The Constitution says a great deal about who should interpret it. Article III, Section 2, Clause 2: "In all Cases affecting Ambassadors, other public Ministers and Consuls, and those in which a State shall be Party, the supreme Court shall have original Jurisdiction. In all the other Cases before mentioned, the supreme Court shall have appellate Jurisdiction, both as to Law and Fact, with such Exceptions, and under such Regulations as the Congress shall make." Jurisdiction is defined as "the power, right, or authority to interpret and apply the law."
The reply above is a non sequitor.
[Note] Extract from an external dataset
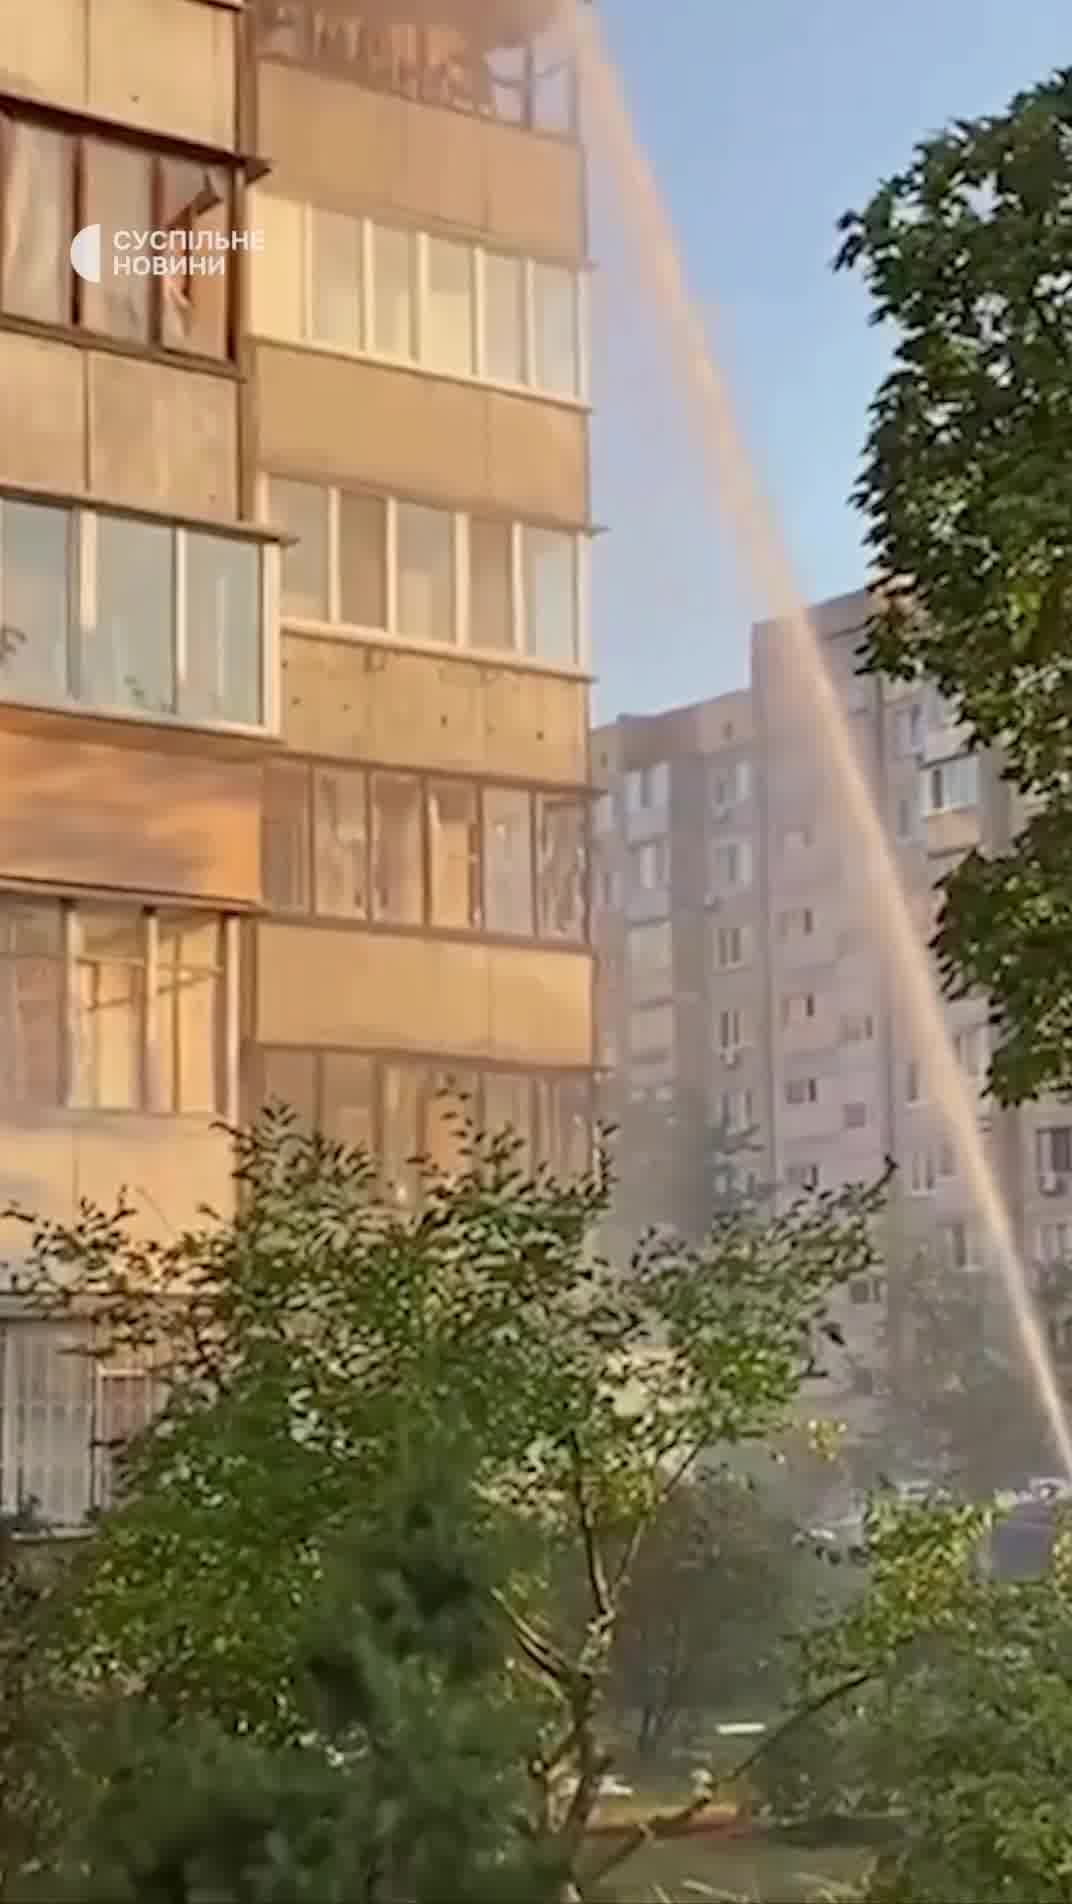 Edifici residencial danyat com a conseqüència de l'atac de míssils russos al districte d'Obolonsky de Kíev

It's true that the U.S. Supreme Court has the final authority to interpret and apply the law in cases that come before it -- this is the doctrine of "the law of the case" -- but this is a far cry from claiming that judicial opinions written in such cases apply to every subsequent case in other courts or that the U.S. Supreme Court has exclusive authority to interpret the Constitution.
The notion that judicial opinions are binding in other cases -- what we might ironically call "the law of the opinion" -- has no basis in the text of the Constitution or in its historic context.
"Judicial Supremacy," the notion that the judicial branch (ultimately the U.S. Supreme Court) has the final authority to interpret the Constitution, is likewise without any textual or historic support. It is a doctrine invented by the U.S. Supreme Court in 1958 in a case called Cooper v. Aaron, in which the Court writes the bold-faced lie that it has always held that it was Supreme in the exposition of the Constitution.
That's simply not true; the Emperor has no clothes. Thank God Justice Parker isn't afraid to say so.